Шестерым немцам у подножия деваться было некуда. Увидев появившуюся на высоте смерть, кто-то начал метаться по лугу как заяц, кто-то попытался залечь и не отсвечивать. Двое, видимо самые хладнокровные, попытались взобраться на насыпь и перескочить через нее, пока противник ни пристрелялся. СУО БМД не оставили никому ни шанса. Из пушек никто не стрелял, два пулемета, через пару секунд поддержанных третьим, опутали две фигурки на насыпи нитями трассеров и оставили их там, мгновением позже переключившись на остальную четверку. У немцев, даже не будь у нас тепловизионных каналов прицелов, на голом лугу шансов выжить было ноль. Впрочем, хладнокровная парочка, попробовавшая перескочить насыпь, чуть было не ушла, более спортивного бойца пулемет поймал уже на путях.

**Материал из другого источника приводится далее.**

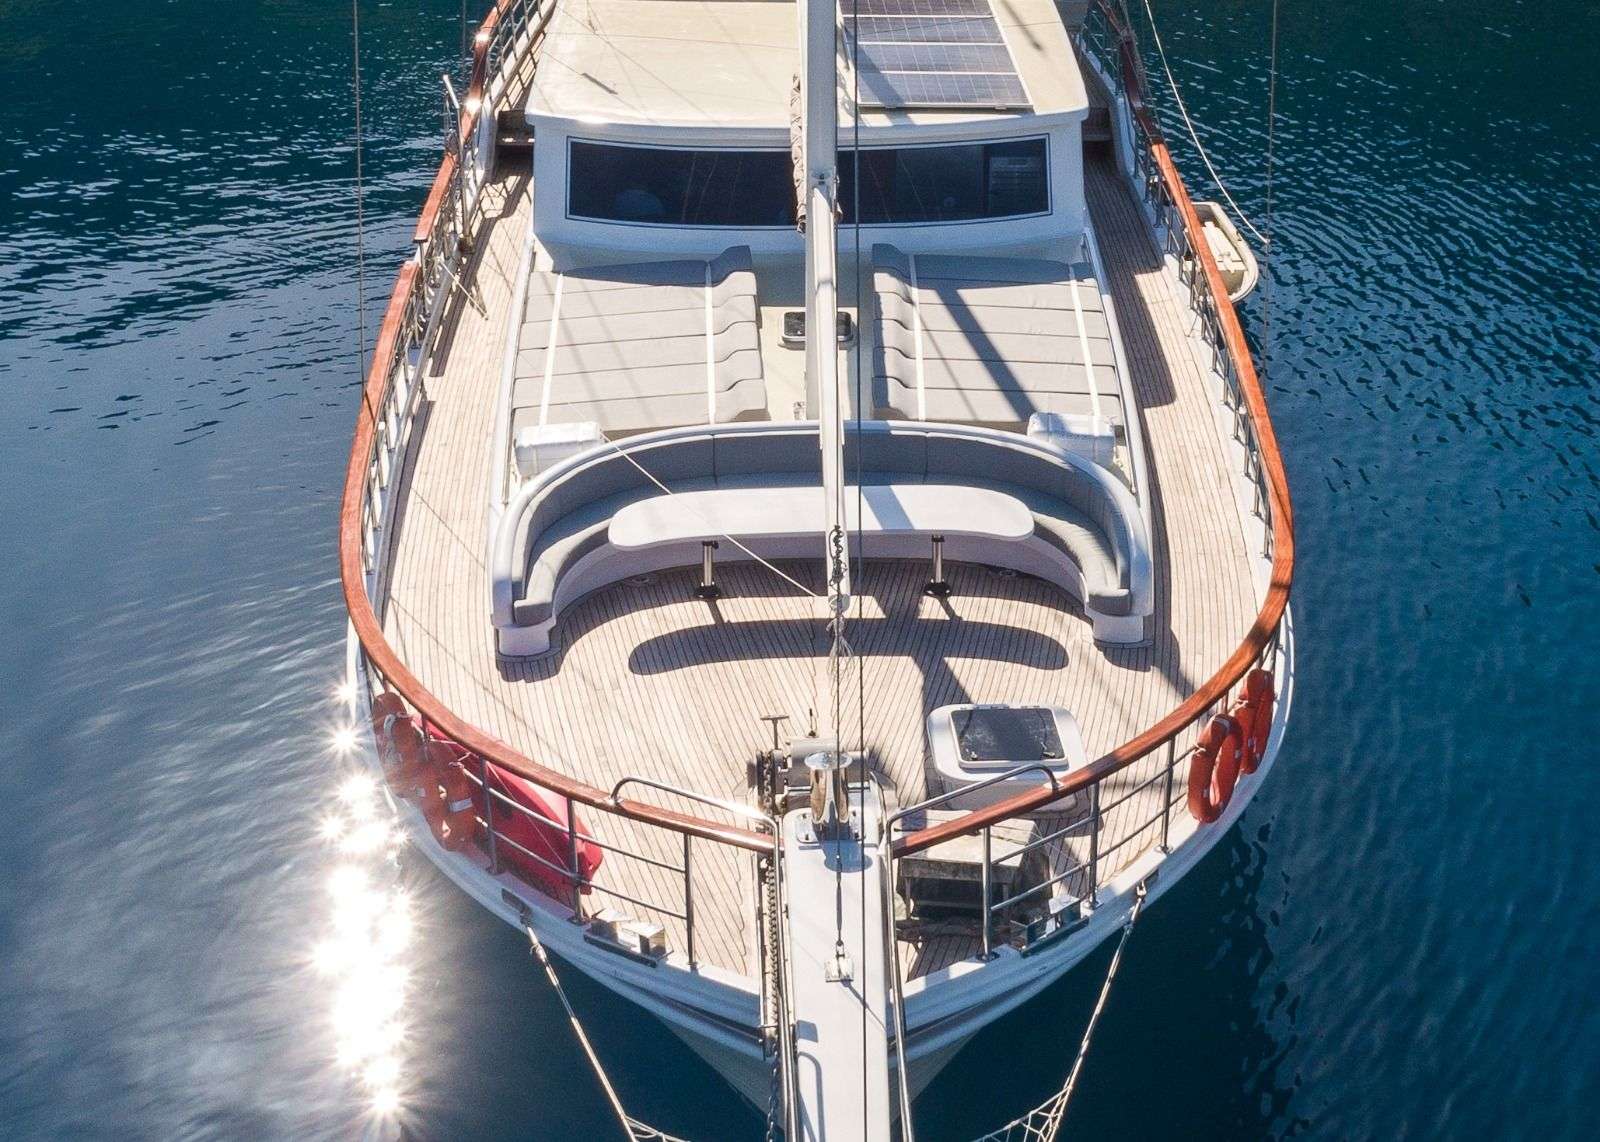 koray ege - Yacht Charter Mykonos & Boat hire in Greece & Turkey 6

«Корд» со спины бронетранспортера давил огнем немецкое отделение в окопах у моста. Пулемет, то ли случайно, то ли специально спрятанный немецким командиром отделения за фермами, в противоположном от нас усе траншеи, появившись на насыпи, успел только дать несколько длинных очередей. Я, Якунин и пулеметчик на бронетранспортере тут же переключились на него и в считанные секунды задавили огнем, оставив на насыпи опрокинутый машингевер и два разорванных крупнокалиберными пулями трупа. БМД первого отделения, выскочив на переезд, хоть и заблажила поначалу, что противник прячется за изгибом насыпи, но потом все же не подвела. Командовавший машиной наводчик-оператор догадался спуститься ближе к берегу и продольным огнем перебил пытавшихся укрыться за железной дорогой фрицев, после чего, чтобы два раза туда не ездить, по моей команде прочесал 100– и 30-миллиметровыми снарядами и окопы, пока остальные три машины делали то же самое с окопом на противоположной стороне.
Все стихло. Насколько можно было судить, успех был полным, немецкого взвода больше не существовало. Улыбающийся Якунин, видимо, думал о том же самом и поздравил меня первым:
– С первым настоящим успехом вас, товарищ лейтенант.
Через несколько секунд радиостанция донесла голос Бугаева, поздравлявшего меня с тем же самым.
А я изо всех сил сдерживал слезы, слезы радости и облегчения. Сцены залитого кровью тела Якунина, лежащего на броне бронетранспортера, и массивной фигуры замкомвзвода, исчезающей во вспышке взрыва боекомплекта машины, вставали перед глазами снова и снова. Я сумел это сделать, сумел удержать ситуацию под контролем и победить, какие бы меры предосторожности мой противник ни принимал. И главное, у нас не было потерь, чем тоже можно было гордиться.
Ну что же, осталось это повторить в больших масштабах, благо немецкая колонна уже была на подходе. Я на это способен. Я уже верил в это.
Успокаиваться после успешного боя было рано. Хотя потерь мы и не понесли, что лишало меня «удовольствия» эвакуировать раненых к имеющимся, однако боекомплект БМД требовал пополнения, в первую очередь это касалось машины первого отделения, ее наводчик-оператор Юнусов патронов и снарядов на немцев не пожалел. С нее и начали.
БМД Юнусова ушла к КамАЗам на пополнение боеприпасов, две остальные, вернувшись на обратный скат высоты 44,8, должны были позже поочередно сходить туда же, бронетранспортер Якунина ушел к Бугаеву с инструктажем лечь на брюхо и замаскироваться в кустарнике за высотой. Ребята в ГПО были предусмотрительные и две свои расстрелянные пулеметные ленты могли снарядить и там. АГС остался в моем распоряжении, причем два хитрых друга из его расчета – младший сержант Аушев и второй номер рядовой Федюшкин – по собственной инициативе вызвались копать окоп в кустарнике на вершине. Гранатометчики оказались парнями сообразительными и вести огонь из своей бандуры с голой земли им внезапно расхотелось, ведь немецкий пулемет с моста, пока его не подавили, довольно успешно обстреливал именно их.